Specific algorithms available in the software:

* Breckels LM, Gatto L, Christoforou A, Groen AJ, Lilley KS, Trotter
MW. *The effect of organelle discovery upon sub-cellular protein
localisation* J Proteomics. 2013 Aug 2;88:129-40. doi:
10.1016/j.jprot.2013.02.019. Epub 2013 Mar 21. [PubMed PMID:
23523639](http://www.ncbi.nlm.nih.gov/pubmed/23523639).

* Breckels LM, Holden S, Wojnar D, Mulvey CMM, Christoforou A, Groen
AJ, Kohlbacher O, Lilley KS and Gatto L. *Learning from
heterogeneous data sources: an application in spatial proteomics*
2015 biorXiv, doi: http://dx.doi.org/10.1101/022152

* Oliver M Crook, Claire M Mulvey, Paul D. W. Kirk, Kathryn S Lilley,
Laurent Gatto *A Bayesian Mixture Modelling Approach For Spatial
Proteomics* PLOS Computational Biology
doi:[10.1371/journal.pcbi.1006516](https://doi.org/10.1371/journal.pcbi.1006516)

#### More resource

* R and Bioconductor for proteomics
[web page](http://lgatto.github.io/RforProteomics/) and
[package](http://www.bioconductor.org/packages/release/data/experiment/html/RforProteomics.html)

* Bioconductor proteomics [workflow](http://bioconductor.org/help/workflows/proteomics/)

## Contributing

Contributions to the package are more than welcome.
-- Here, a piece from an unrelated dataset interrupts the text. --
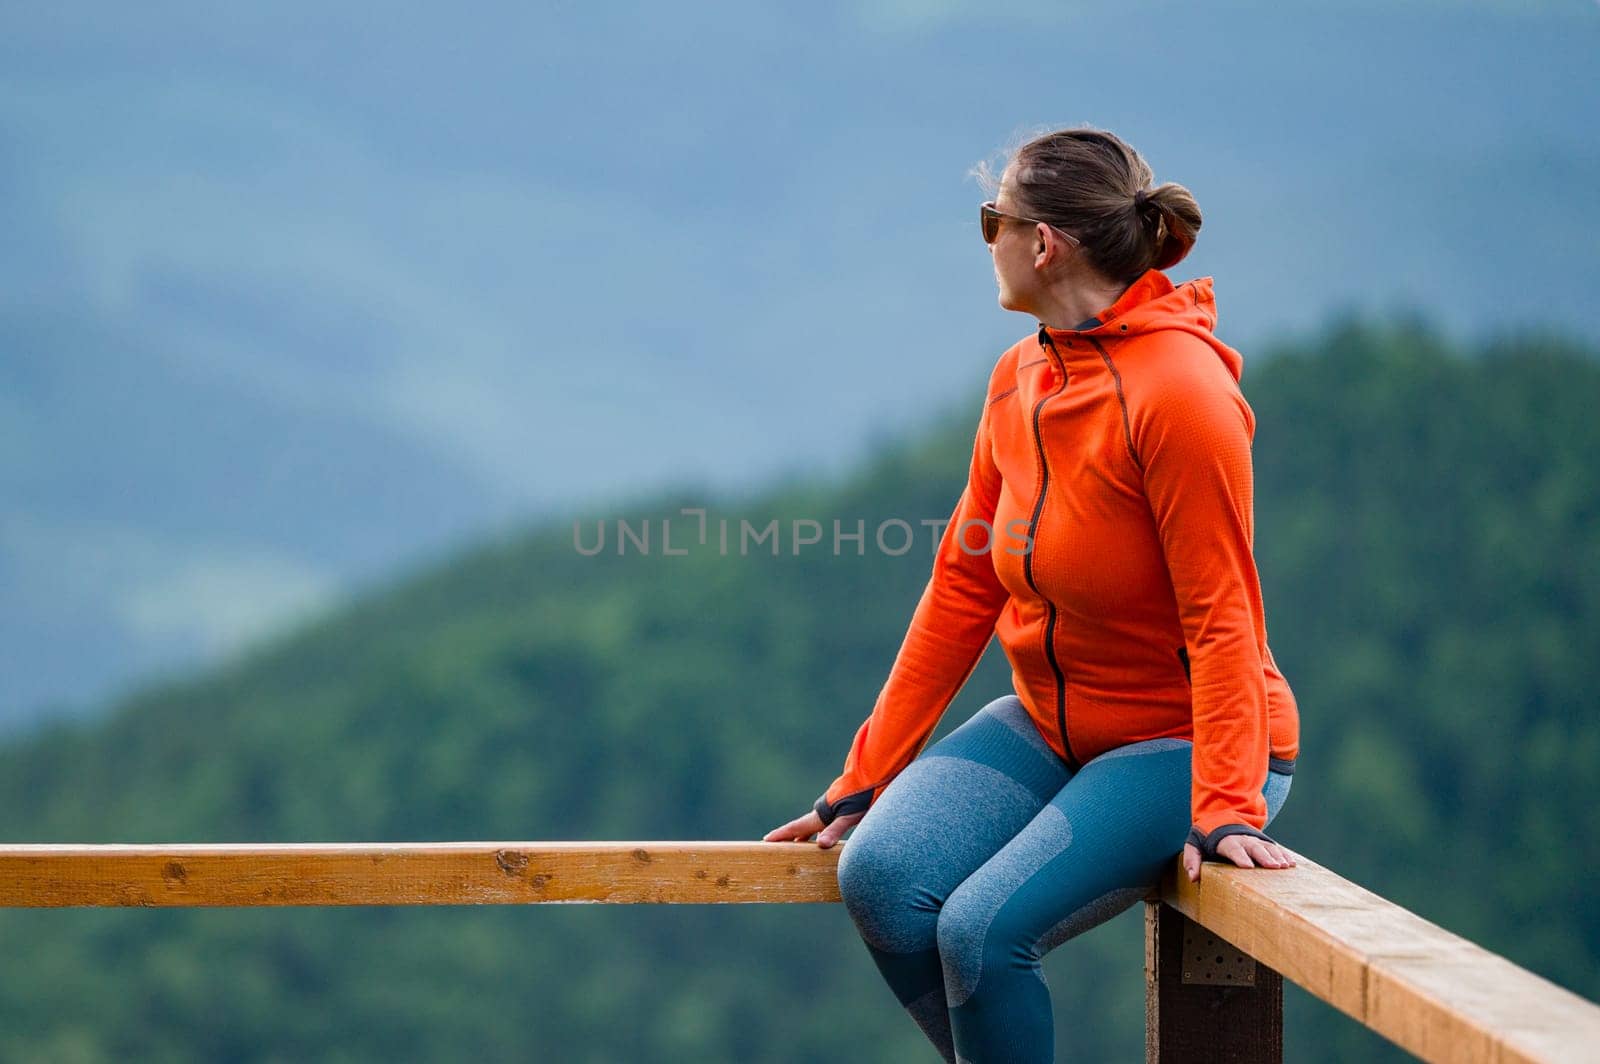 a young girl sits on a wooden handrail, against the background of mountains and evergreen forest.

If you want to
contribute to this package, you should follow the same conventions as
the rest of the functions whenever it makes sense to do so. Feel free
to get in touch (preferable opening a
[github issue](https://github.com/lgatto/pRoloc/issues/)) to discuss
any suggestions.

Please note that this project is released with a
[Contributor Code of Conduct](https://github.com/lgatto/pRoloc/blob/master/CONDUCT.md).
By participating in this project you agree to abide by its terms.